[Extracted records]
◇ ◇ ◇ ◇ ◇

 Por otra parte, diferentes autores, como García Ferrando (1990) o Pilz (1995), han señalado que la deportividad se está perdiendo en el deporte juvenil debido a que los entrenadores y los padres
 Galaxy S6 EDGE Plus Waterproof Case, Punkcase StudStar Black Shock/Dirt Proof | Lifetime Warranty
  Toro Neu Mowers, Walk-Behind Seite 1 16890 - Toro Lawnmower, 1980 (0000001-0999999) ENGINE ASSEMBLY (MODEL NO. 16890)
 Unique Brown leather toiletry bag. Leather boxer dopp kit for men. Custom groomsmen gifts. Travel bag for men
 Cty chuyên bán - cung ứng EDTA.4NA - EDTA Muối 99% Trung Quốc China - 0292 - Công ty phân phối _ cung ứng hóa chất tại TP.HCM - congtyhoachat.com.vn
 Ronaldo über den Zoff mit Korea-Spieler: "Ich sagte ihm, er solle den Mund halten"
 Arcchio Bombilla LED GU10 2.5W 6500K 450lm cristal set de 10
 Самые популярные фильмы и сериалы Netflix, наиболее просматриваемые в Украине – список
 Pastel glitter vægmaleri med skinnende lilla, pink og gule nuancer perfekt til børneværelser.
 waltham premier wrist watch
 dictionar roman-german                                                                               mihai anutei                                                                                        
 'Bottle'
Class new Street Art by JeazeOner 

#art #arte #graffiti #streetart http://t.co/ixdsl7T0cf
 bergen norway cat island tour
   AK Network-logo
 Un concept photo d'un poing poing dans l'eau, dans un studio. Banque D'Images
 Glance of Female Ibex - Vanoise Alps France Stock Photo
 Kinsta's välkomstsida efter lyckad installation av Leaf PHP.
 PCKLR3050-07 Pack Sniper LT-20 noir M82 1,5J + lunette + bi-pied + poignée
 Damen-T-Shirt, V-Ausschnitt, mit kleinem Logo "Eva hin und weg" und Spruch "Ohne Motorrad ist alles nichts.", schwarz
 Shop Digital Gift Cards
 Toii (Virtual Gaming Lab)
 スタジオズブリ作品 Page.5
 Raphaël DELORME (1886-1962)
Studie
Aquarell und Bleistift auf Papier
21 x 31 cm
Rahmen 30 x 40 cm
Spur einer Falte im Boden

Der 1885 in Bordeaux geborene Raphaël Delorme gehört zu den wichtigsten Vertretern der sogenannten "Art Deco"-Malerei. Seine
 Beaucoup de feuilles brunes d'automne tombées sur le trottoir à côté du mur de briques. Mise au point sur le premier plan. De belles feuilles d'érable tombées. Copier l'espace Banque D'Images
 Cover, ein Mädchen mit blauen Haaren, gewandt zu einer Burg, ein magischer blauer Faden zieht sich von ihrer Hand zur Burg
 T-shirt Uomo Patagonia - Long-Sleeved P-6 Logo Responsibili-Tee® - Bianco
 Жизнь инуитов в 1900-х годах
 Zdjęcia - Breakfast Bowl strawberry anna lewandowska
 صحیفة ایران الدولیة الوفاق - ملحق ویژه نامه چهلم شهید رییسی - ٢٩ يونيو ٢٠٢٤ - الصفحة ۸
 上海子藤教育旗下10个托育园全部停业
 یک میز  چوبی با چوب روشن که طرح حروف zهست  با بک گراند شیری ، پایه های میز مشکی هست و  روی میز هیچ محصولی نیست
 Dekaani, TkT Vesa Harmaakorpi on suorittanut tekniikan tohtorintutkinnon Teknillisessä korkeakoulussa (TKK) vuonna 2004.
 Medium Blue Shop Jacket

◇ ◇ ◇ ◇ ◇

- AIM OF THE EXERCISE:
Beginning at the line where "Dekaani, TkT Vesa" appears, extract each line through the end of the data above; keep them exact and include nothing else.

- ANSWER SPACE:
 Dekaani, TkT Vesa Harmaakorpi on suorittanut tekniikan tohtorintutkinnon Teknillisessä korkeakoulussa (TKK) vuonna 2004.
 Medium Blue Shop Jacket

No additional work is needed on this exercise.